INFORMATION PROVIDED »
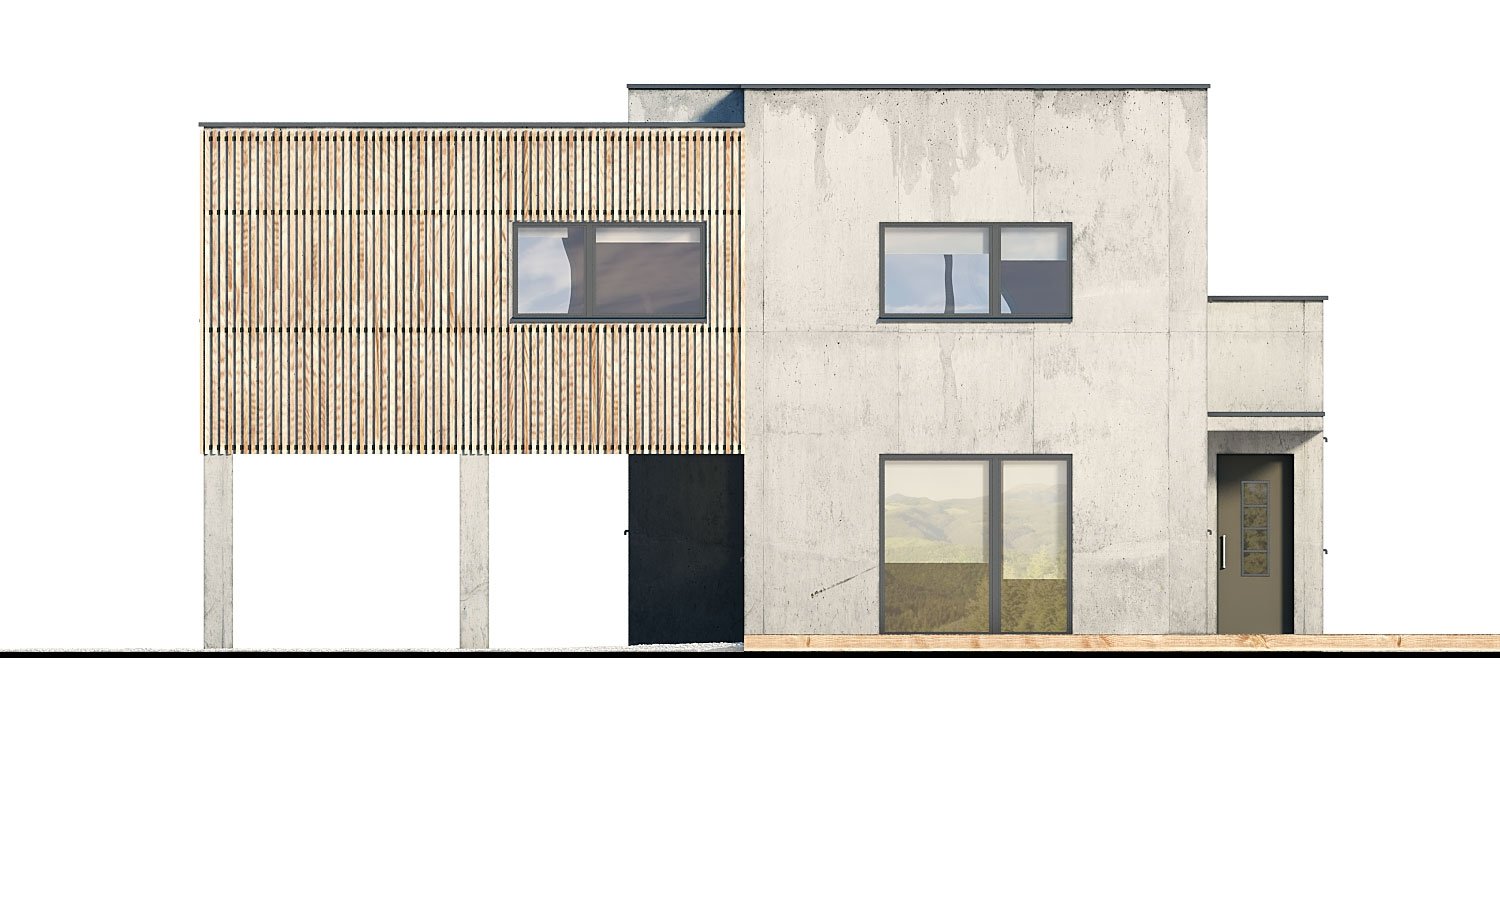 Pohľad 1. - Dvougenerační moderní rodinný dům s plochou střechou s krytým stáním pro auta.
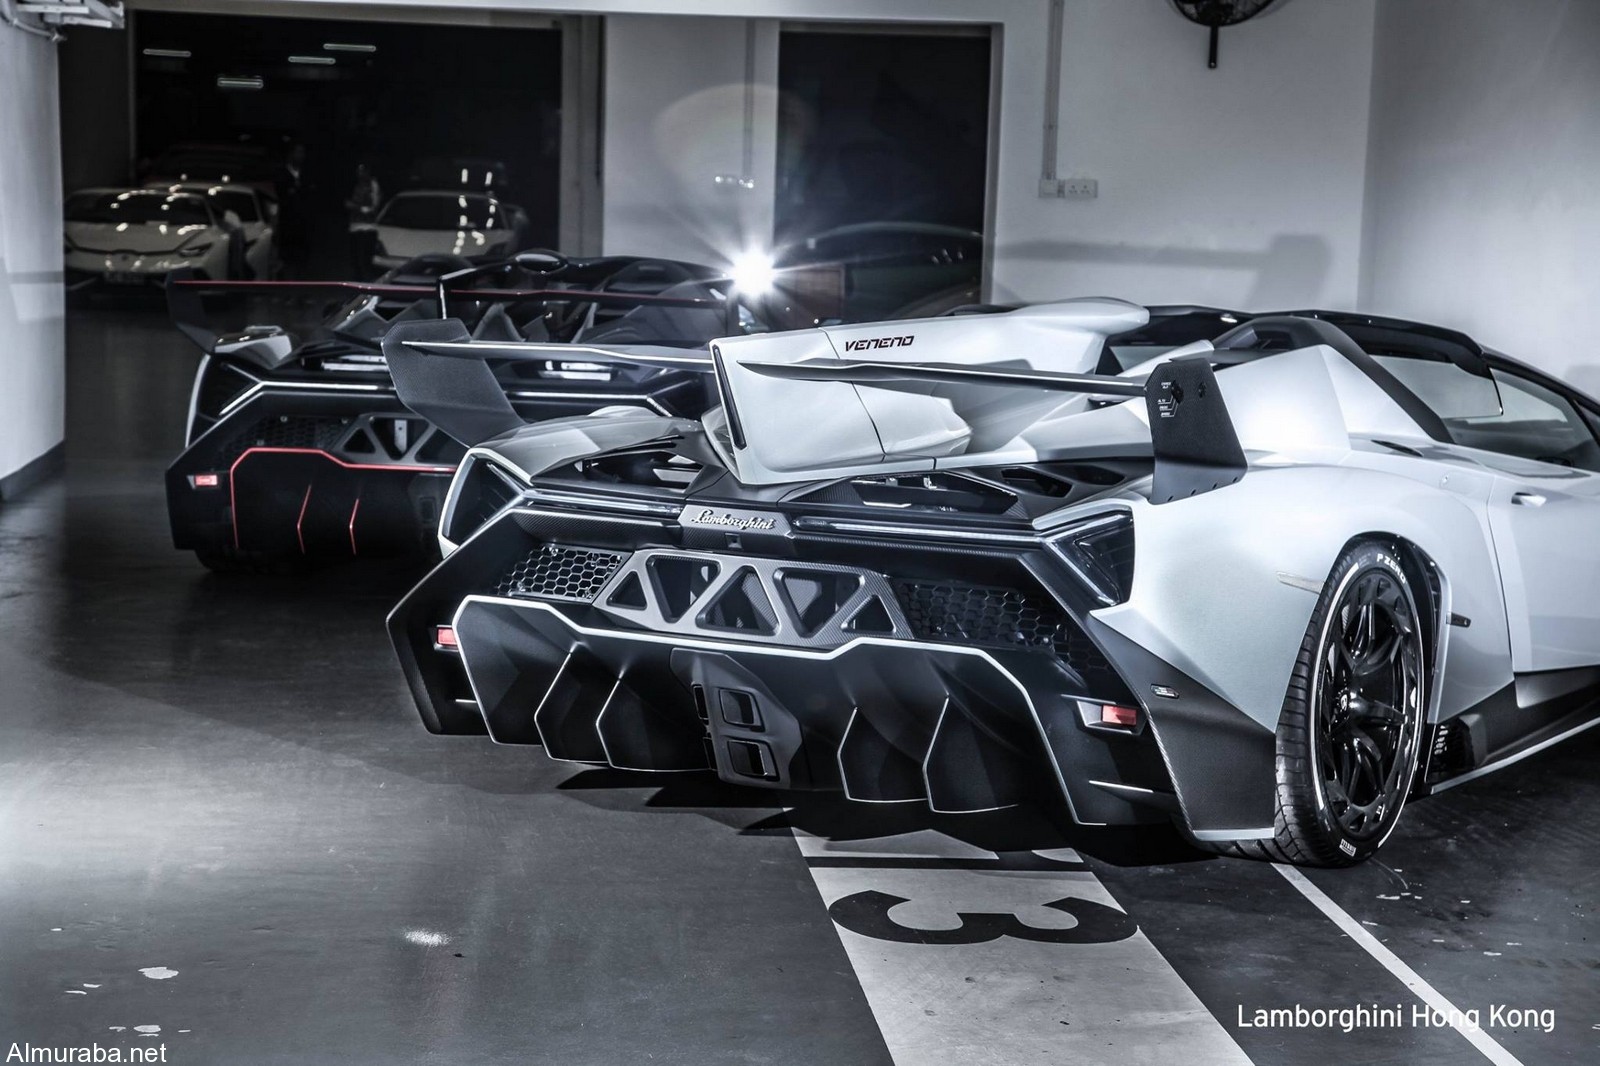 “لامبورجيني” فينينو رودستر تصل هونج كونج Lamborghini
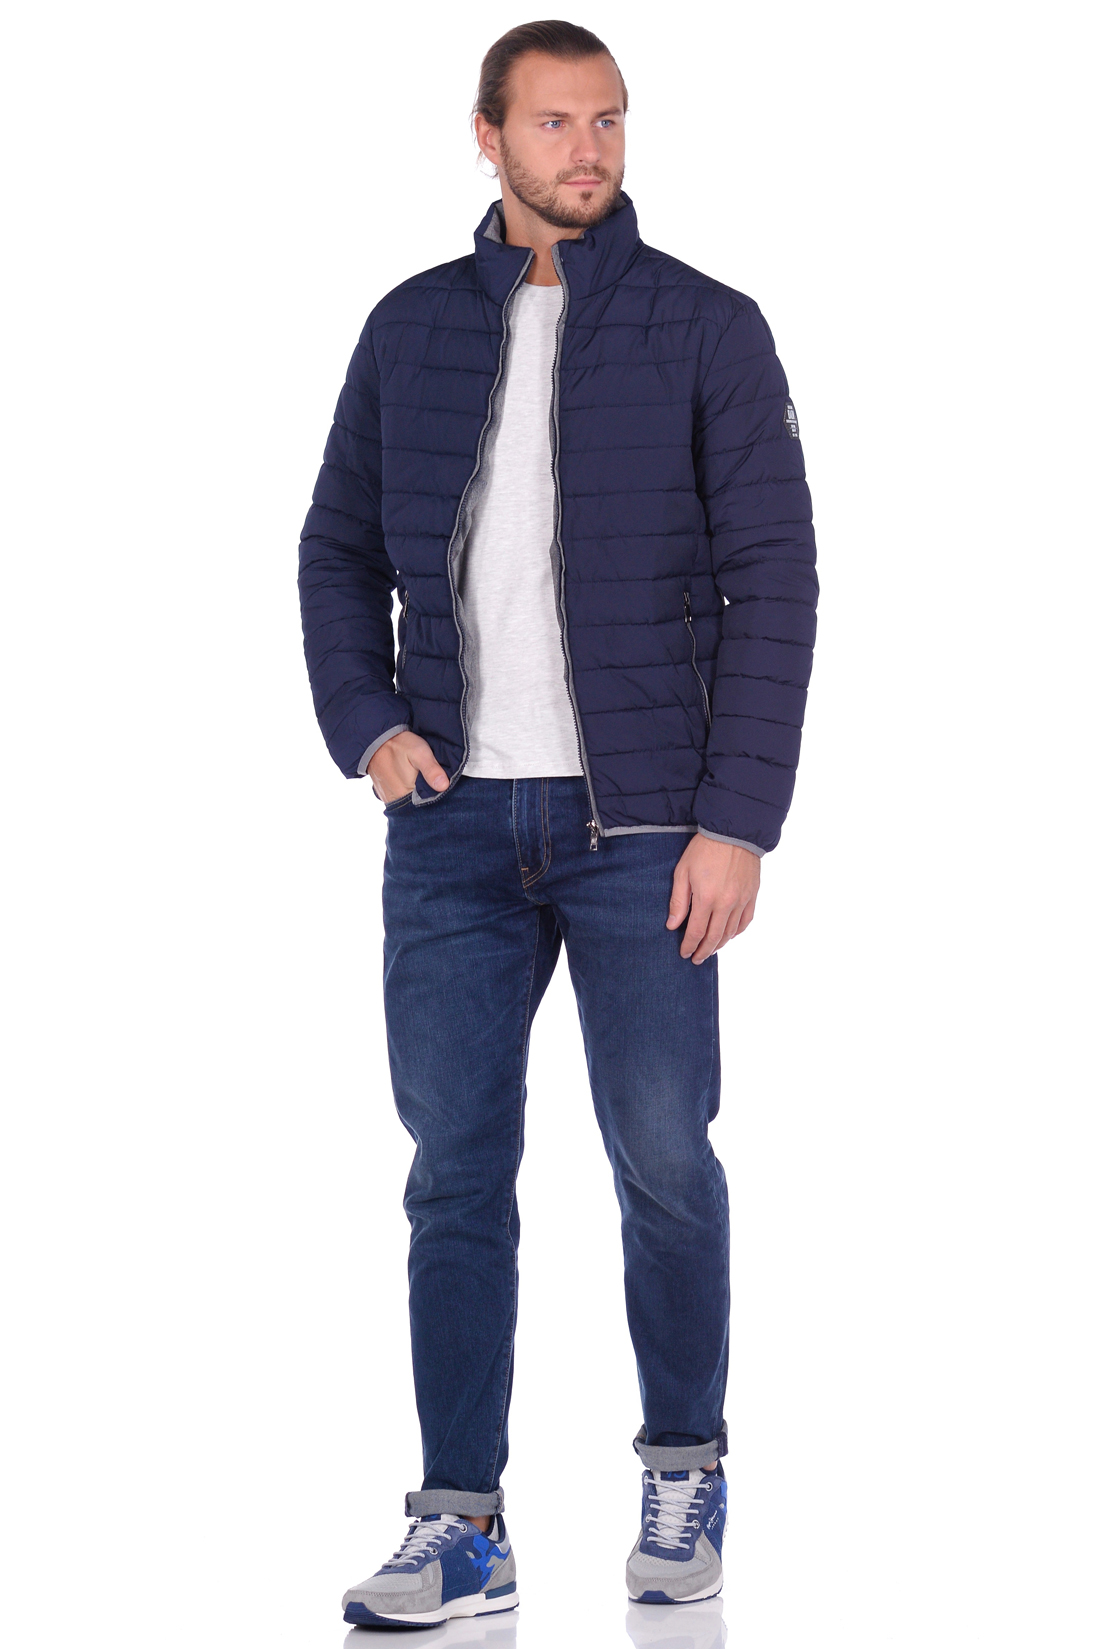 Лёгкая куртка с контрастной отделкой (арт. baon B539553), размер XXL, цвет синий Лёгкая куртка с контрастной отделкой (арт. baon B539553) - фото 4

TASK » Images are to be left out; everything else in the material must be written out exactly.

TASK ANSWER »
 Pohľad 1. - Dvougenerační moderní rodinný dům s plochou střechou s krytým stáním pro auta.
 “لامبورجيني” فينينو رودستر تصل هونج كونج Lamborghini
 Лёгкая куртка с контрастной отделкой (арт. baon B539553), размер XXL, цвет синий Лёгкая куртка с контрастной отделкой (арт. baon B539553) - фото 4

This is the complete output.